The Forgotten
Page 37
As they drove by on the way to the parking lot, Jason scanned the group as best he could. He didn’t see any leather jackets with red and black logos on them, which was a good thing. Glancing back at Lissy, he noticed she was still humming to herself and didn’t seem at all agitated. To the contrary, she appeared to be taking in the whole scene with wide-eyed wonder.
Nobody looked at them oddly as they waited in line to get tickets. Although most of the crowd was teenagers and young adults, there were a few families and older couples as well. The loud music made conversation difficult, so they just drifted along together until they got to the front of the line, Susanna keeping a tight hold on Lissy’s hand. She still wasn’t showing any signs of distress.

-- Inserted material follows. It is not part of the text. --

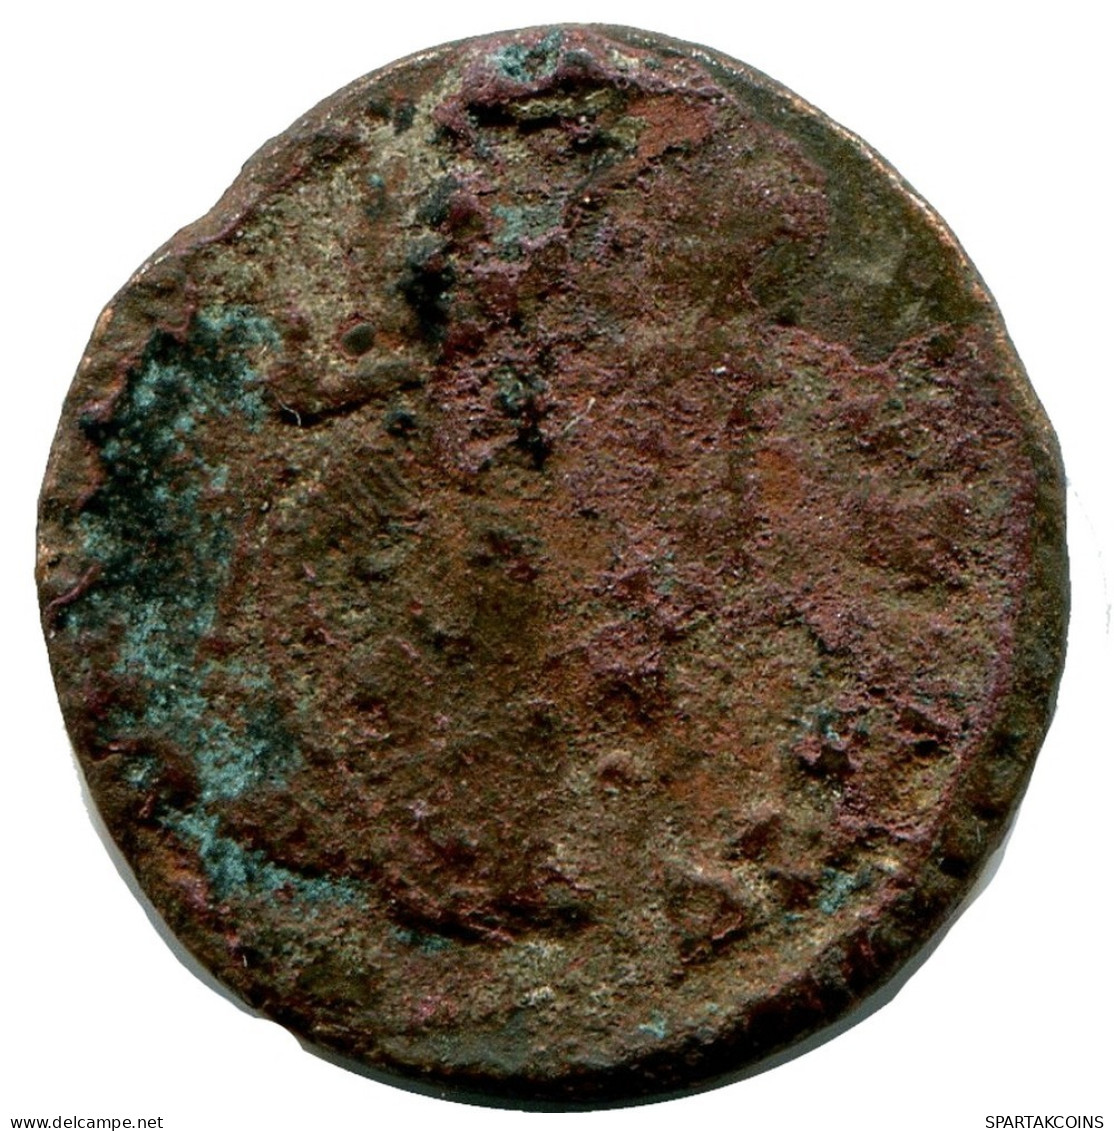 ROMAN Moneda MINTED IN ALEKSANDRIA FOUND IN IHNASYAH HOARD EGYPT #ANC10166.14.E.A - El Imperio Christiano (307 / 363)

Once they handed their tickets to the attendant and went inside, they found themselves standing in a large, open area full of milling people and little booths selling T-shirts, glow sticks, buttons, and other paraphernalia with the haunted house’s logo on them, along with snacks. On a whim, Jason bought everyone caramel popcorn balls, and a green glow stick for Lissy. She waved it around happily, her eyes shining. Susanna gave him an approving nod, though she still looked like she’d rather have a cigarette than a popcorn ball.
When they’d entered, the attendant had given each of them a little map showing the locations of the various different areas of the show. The largest of these was the Fear Asylum, which, by the images that went with it, appeared to depict a horrific mental institution. Other secondary attractions included the Haunted Forest, the Church of the Damned, and the Circus of Terror.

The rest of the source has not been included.